I know it’s hard to believe but my kids love to push my buttons. They love to get under my skin, and they will take every opportunity to do it. For example, I hate it when someone burps or makes the farting noise at the dinner table. So of course, my boys do this every chance they get. I’ll be sitting there eating my dinner and one of them will start with the fart noise. I’ll look up from my plate and they’ll both be giggling. Here’s a typical scenario.

“Okay. Who did that?”

The boys will look at each other and start giggling harder. “We don’t know,” they’ll cry in unison. I’ll look at hubby, but he’s no help whatsoever because he’s laughing, too.

“Knock it off. You know I don’t like that sound at the dinner table.”

They’ll grow quiet until I look down at my plate again and that’s when another healthy fart sound will ripple through the atmosphere. Of course, things only get worse from this point on.  Every time I look down at my plate one of my little cherubs will rip an even louder one than the last time.

Photo credit: juhansonin on VisualHuntCC BY

I didn’t know what to do and many a meal has been ruined for me because of the shenanigans of these two adorable scalawags. Then one day I had an epiphany. I could be just as irritating to them. Instead of me getting all upset and ornery, why don’t I get on their last nerve like they get on mine? The light bulb in my mind turned on. I knew of a way to do it.

So the next day, while at the dinner table the little tricksters started in with their fart noises. I was  twirling spaghetti around my fork when one of them sent the fart sound out into the atmosphere. I immediately dropped my eating utensil and stood up and started singing.

Photo credit: screenpunk on Visual hunt / CC BY-NC

Yes. Singing. I started belting out the lyrics to the song “You are my sunshine.”

Photo on Visualhunt

After all, we could all use a little more sunshine in our lives, right? 😉

My boys’ reactions were instantaneous. They both covered their ears and started wailing. “Stop! Stop singing!”

And that’s when I was able to negotiate a deal. I told them I wouldn’t sing if they wouldn’t burp or make disgusting fart sounds. They agreed.
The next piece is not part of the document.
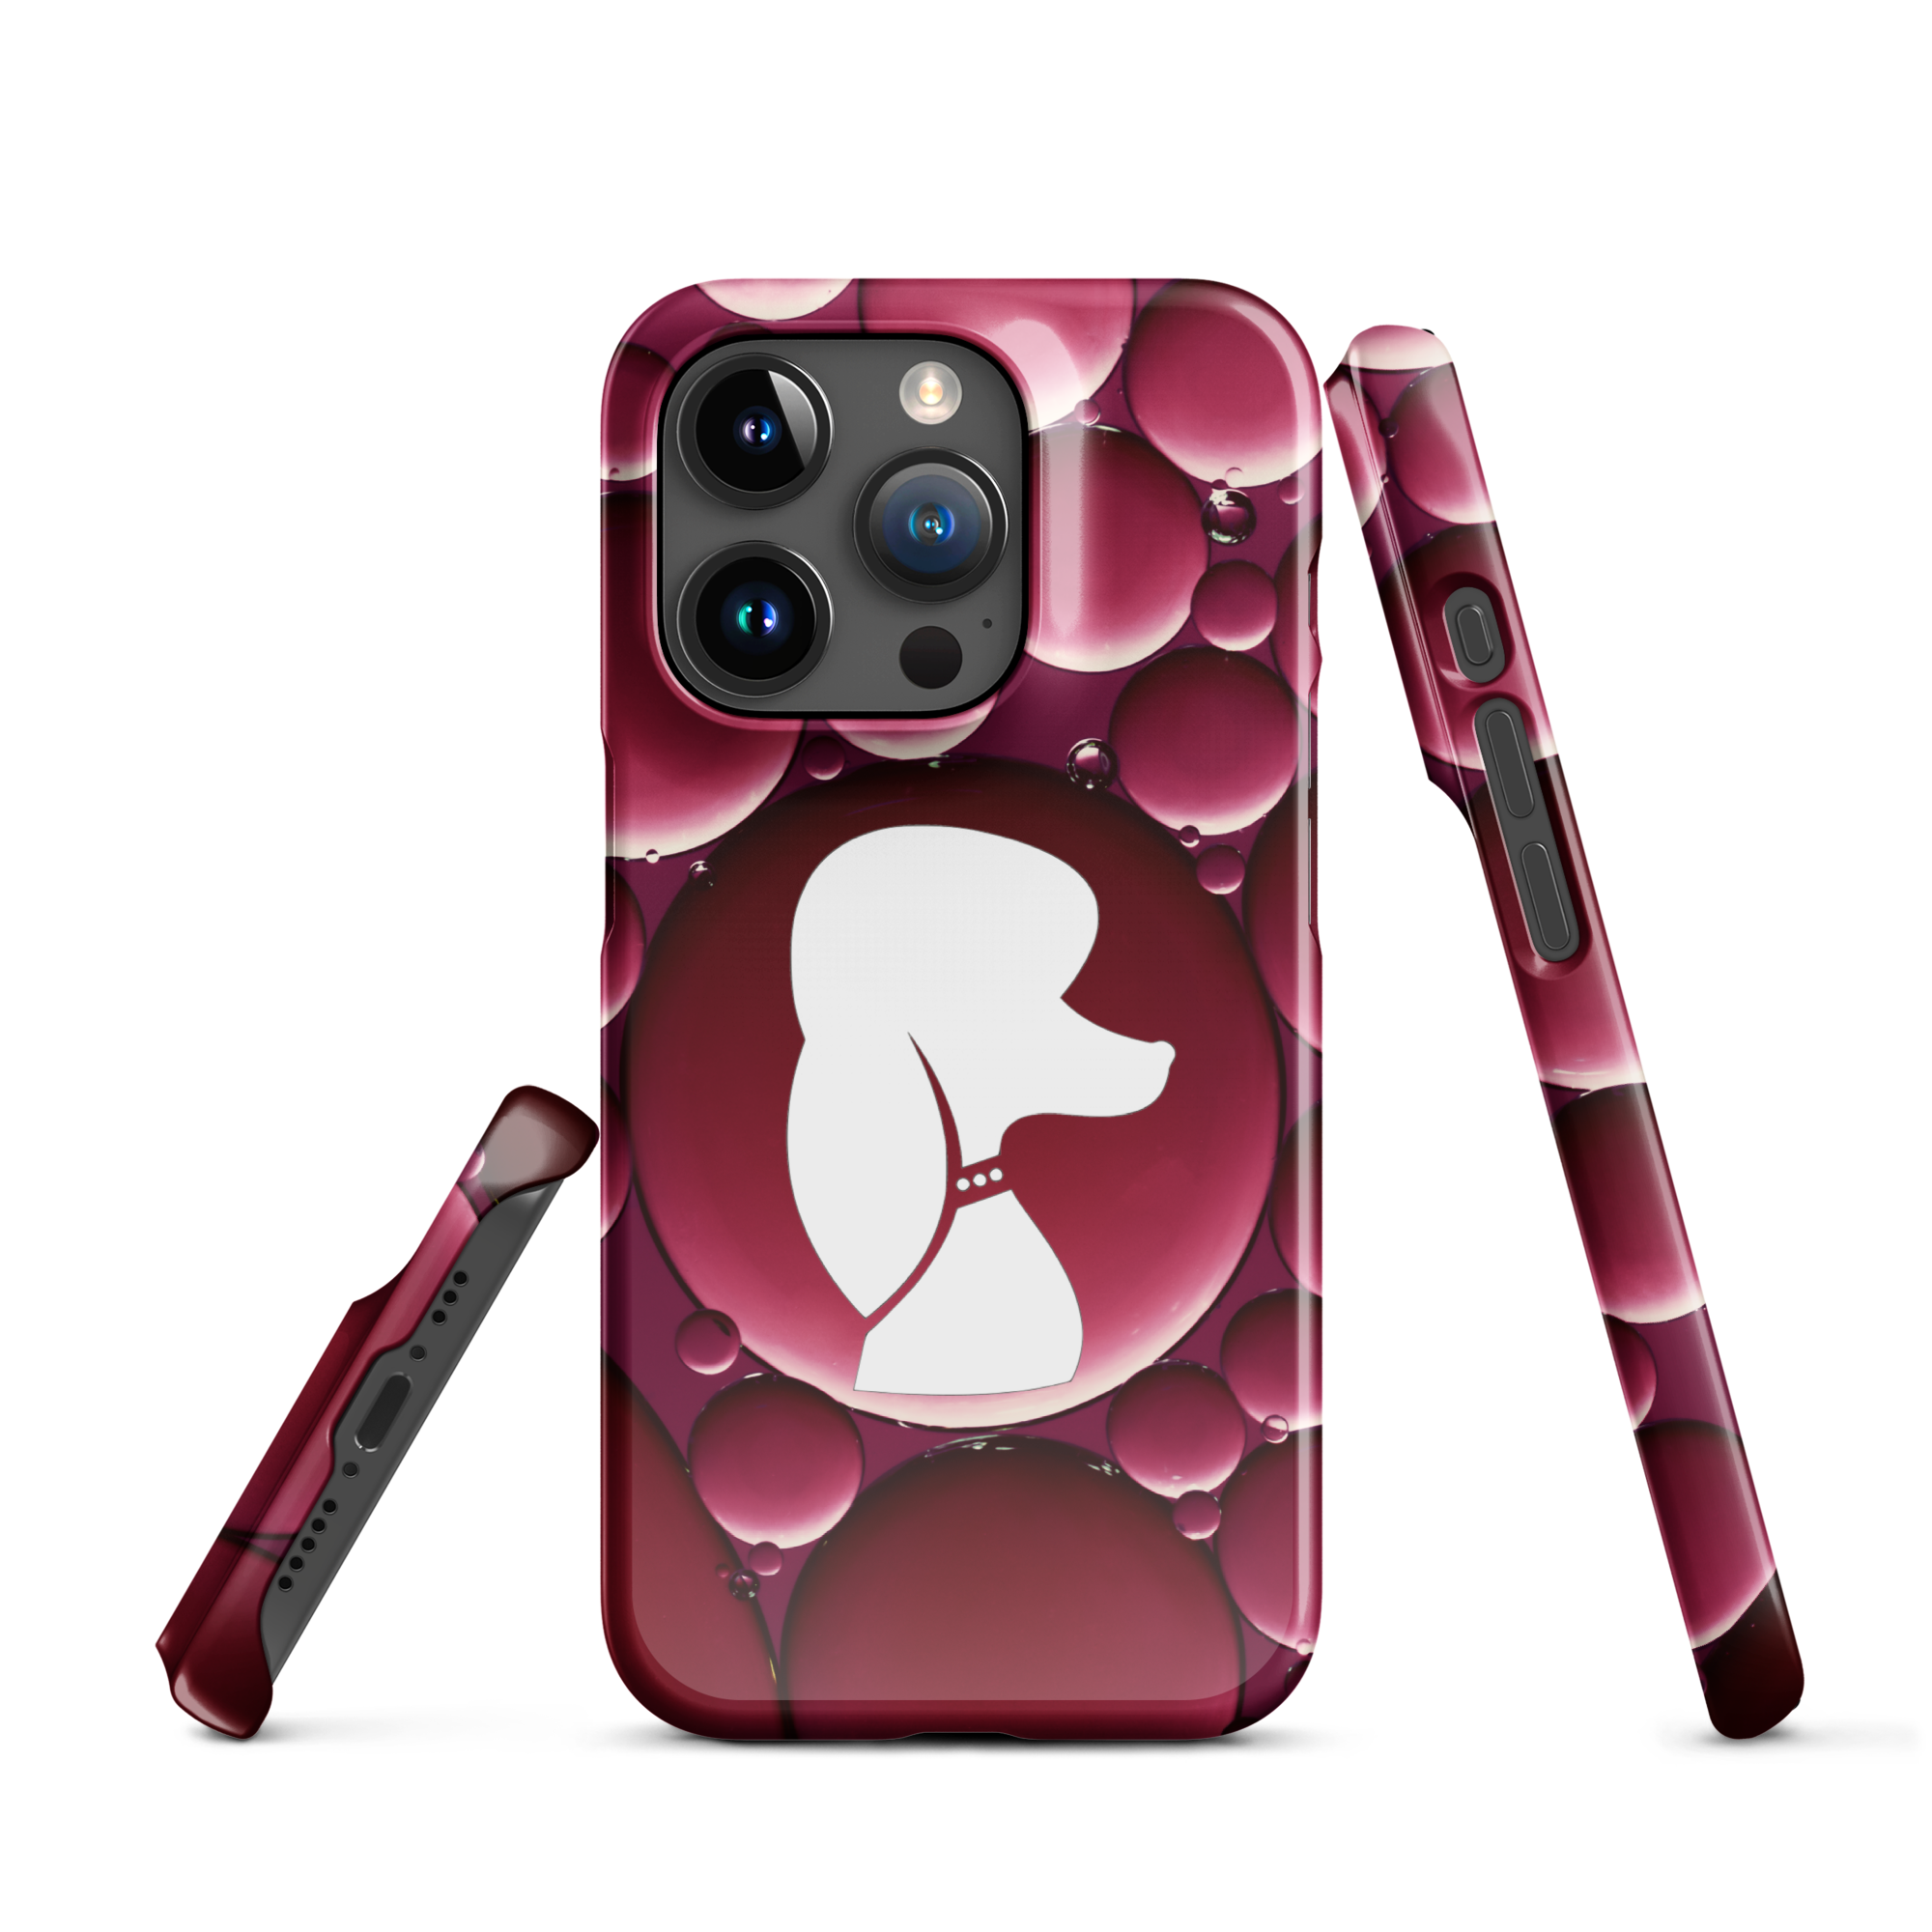 Poodle Bubble Snap case for iPhone®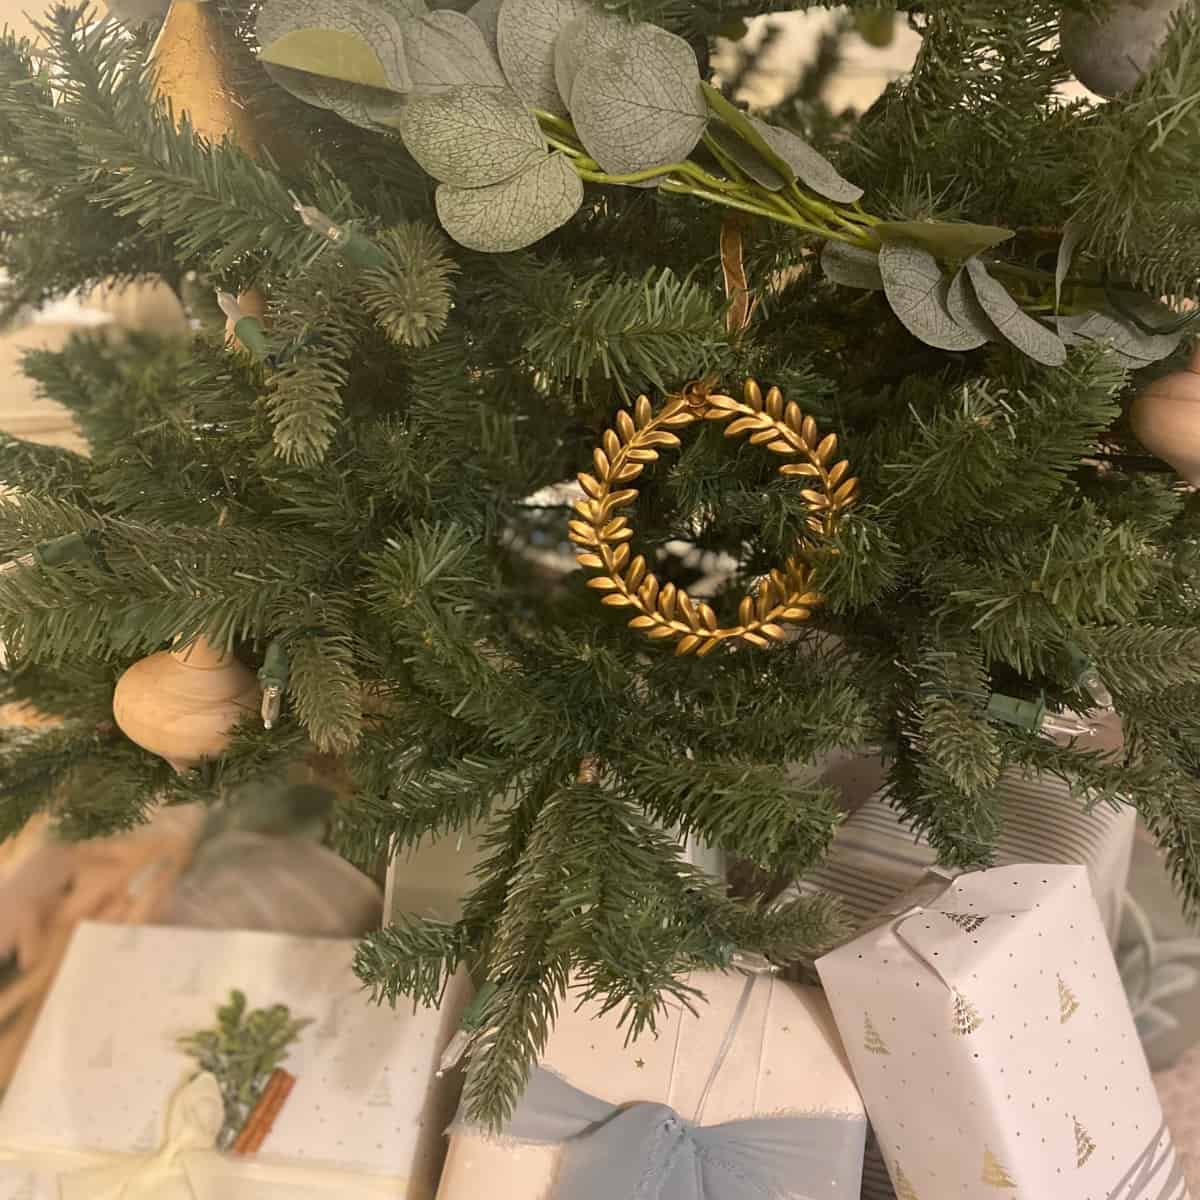 Brass laurel wreath Christmas ornament hangs above neutral presents

I will add a little side note here. My boys loved my singing when they were babies. I used to sing them to sleep. As soon as they entered the murky waters of the tween and teen years, they turned and no longer enjoy my musical talent.

See how quickly a liability can turn into an asset? It’s all in how you use it. Am I right or am I right?

You’re welcome. We parents need to stick together so we can all survive the teen years.

Photo credit: Kevin Rheese on VisualHunt.com / CC BY

Thanks for stopping by and reading my post today. Do you have any parenting tips you’d like to share? Leave a comment! I’d love to hear from you!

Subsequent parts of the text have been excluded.